- _RECORDS_
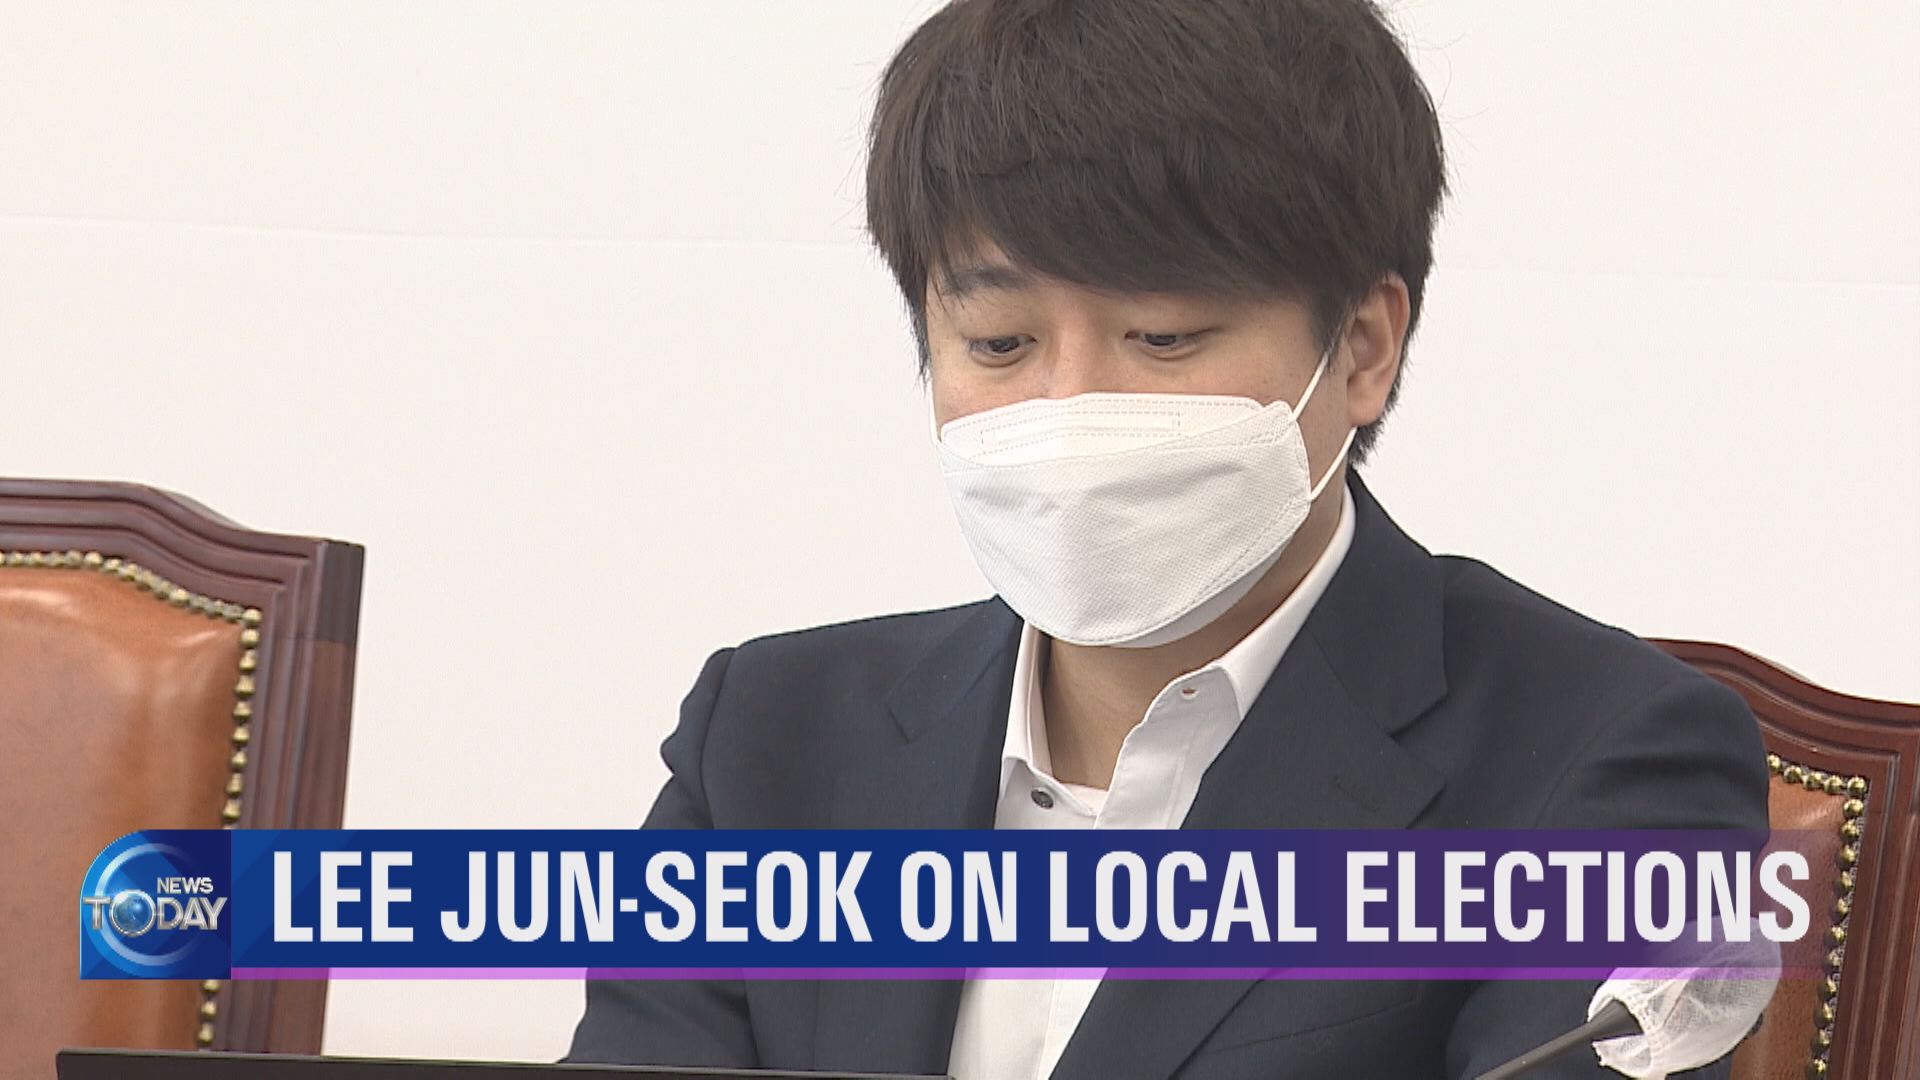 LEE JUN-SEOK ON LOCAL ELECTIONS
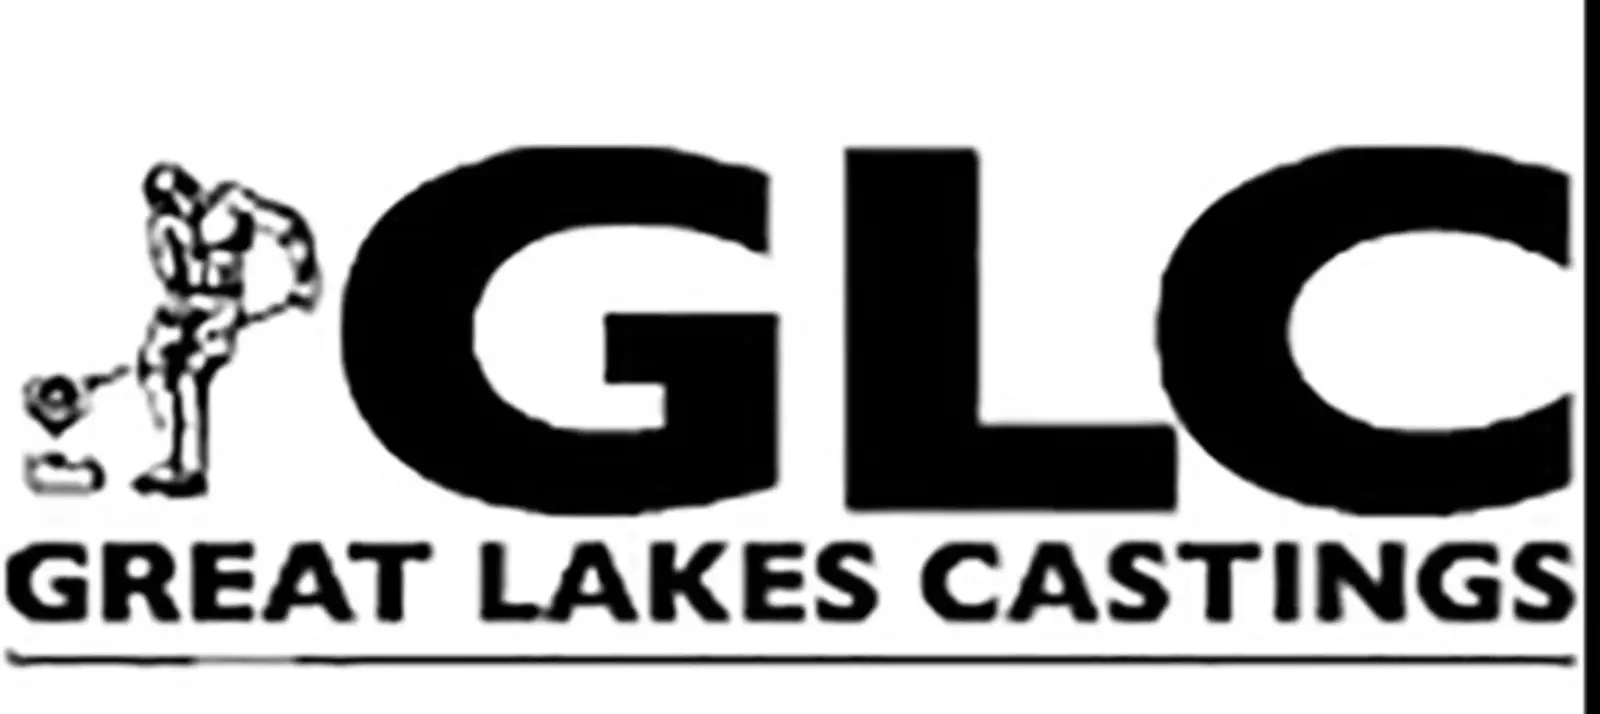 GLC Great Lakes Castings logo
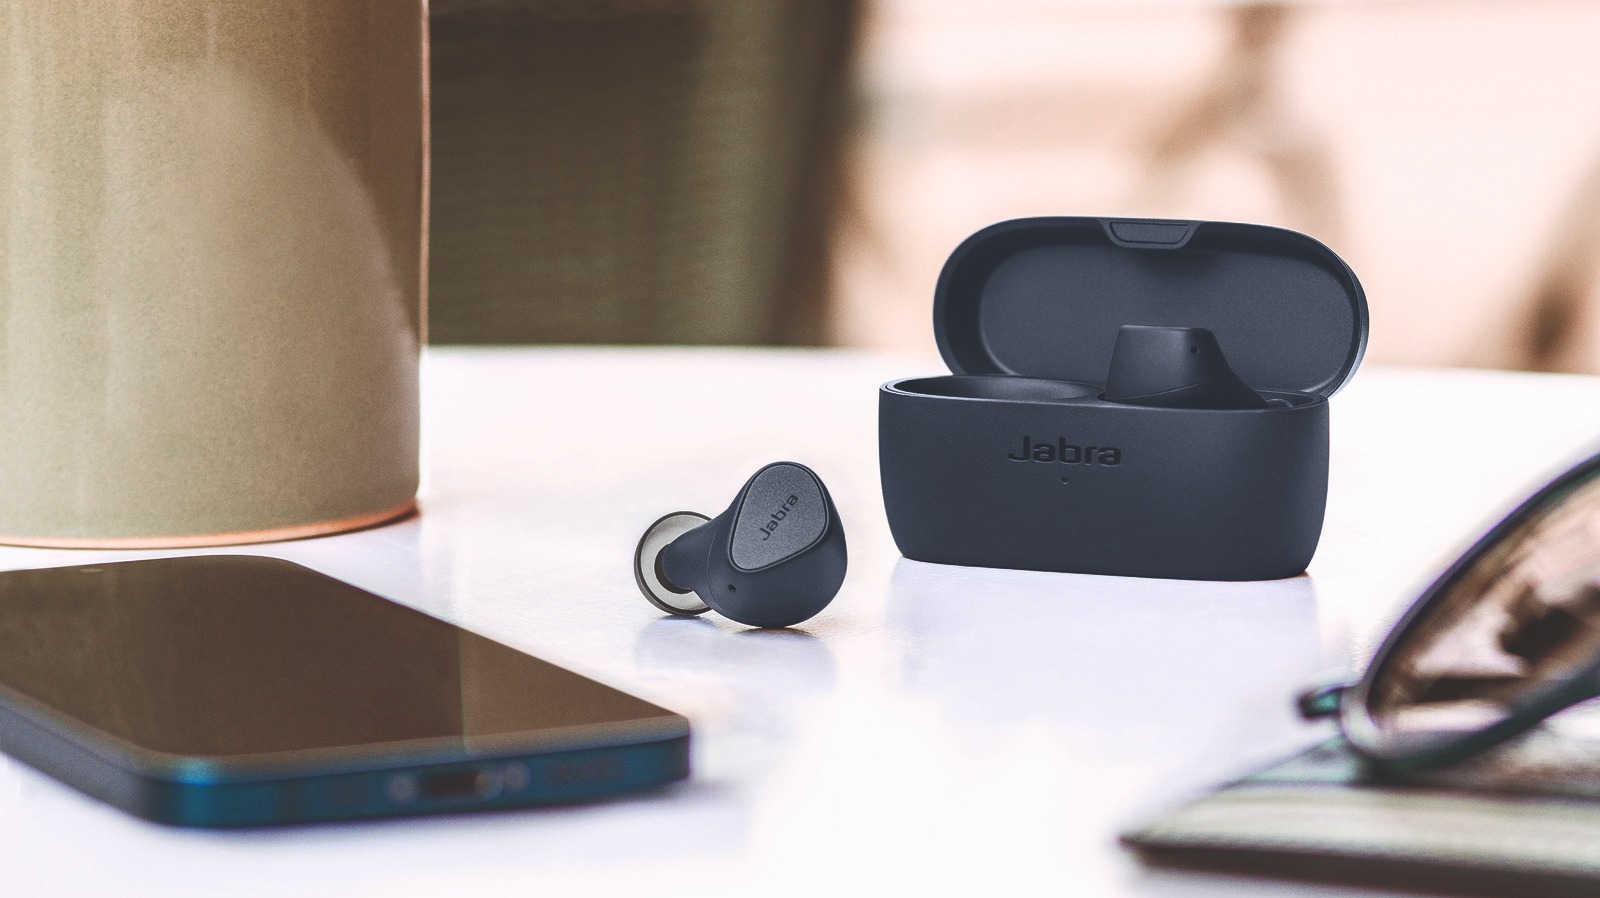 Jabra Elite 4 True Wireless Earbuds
==
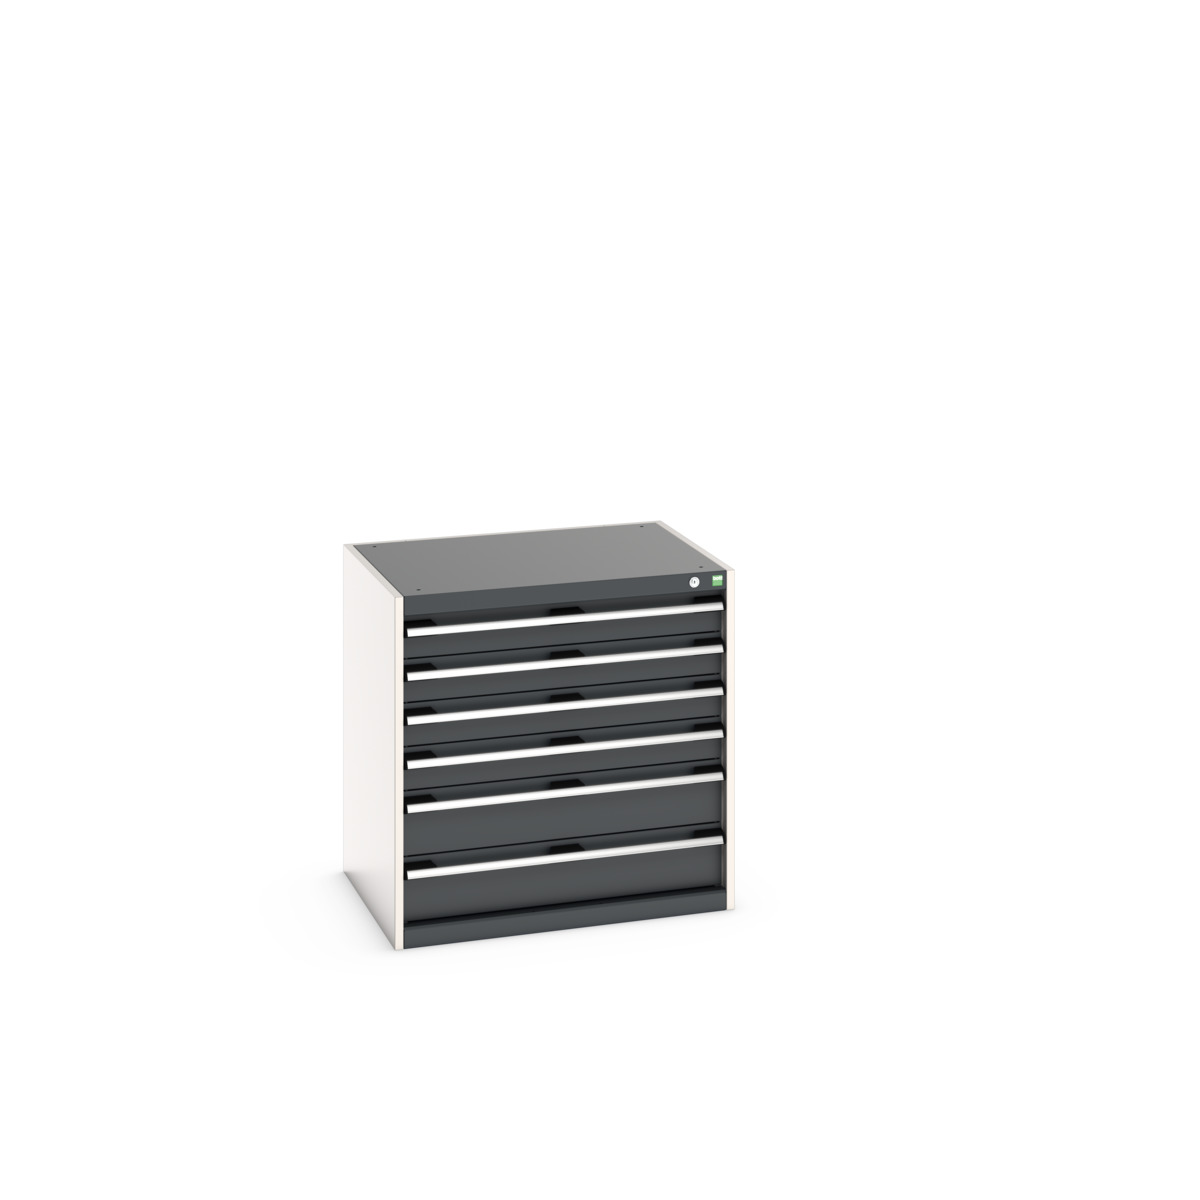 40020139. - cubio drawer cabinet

- _TASK STATEMENT_
Find where the line with "LEE JUN-SEOK ON LOCAL ELECTIONS" sits in the material above and where the line with "Jabra Elite 4 True Wireless Earbuds" sits. Set down exactly the lines from the first to the second, both included and nothing else, without pictures.

- _RESULT OF THIS TASK_
 LEE JUN-SEOK ON LOCAL ELECTIONS
 GLC Great Lakes Castings logo
 Jabra Elite 4 True Wireless Earbuds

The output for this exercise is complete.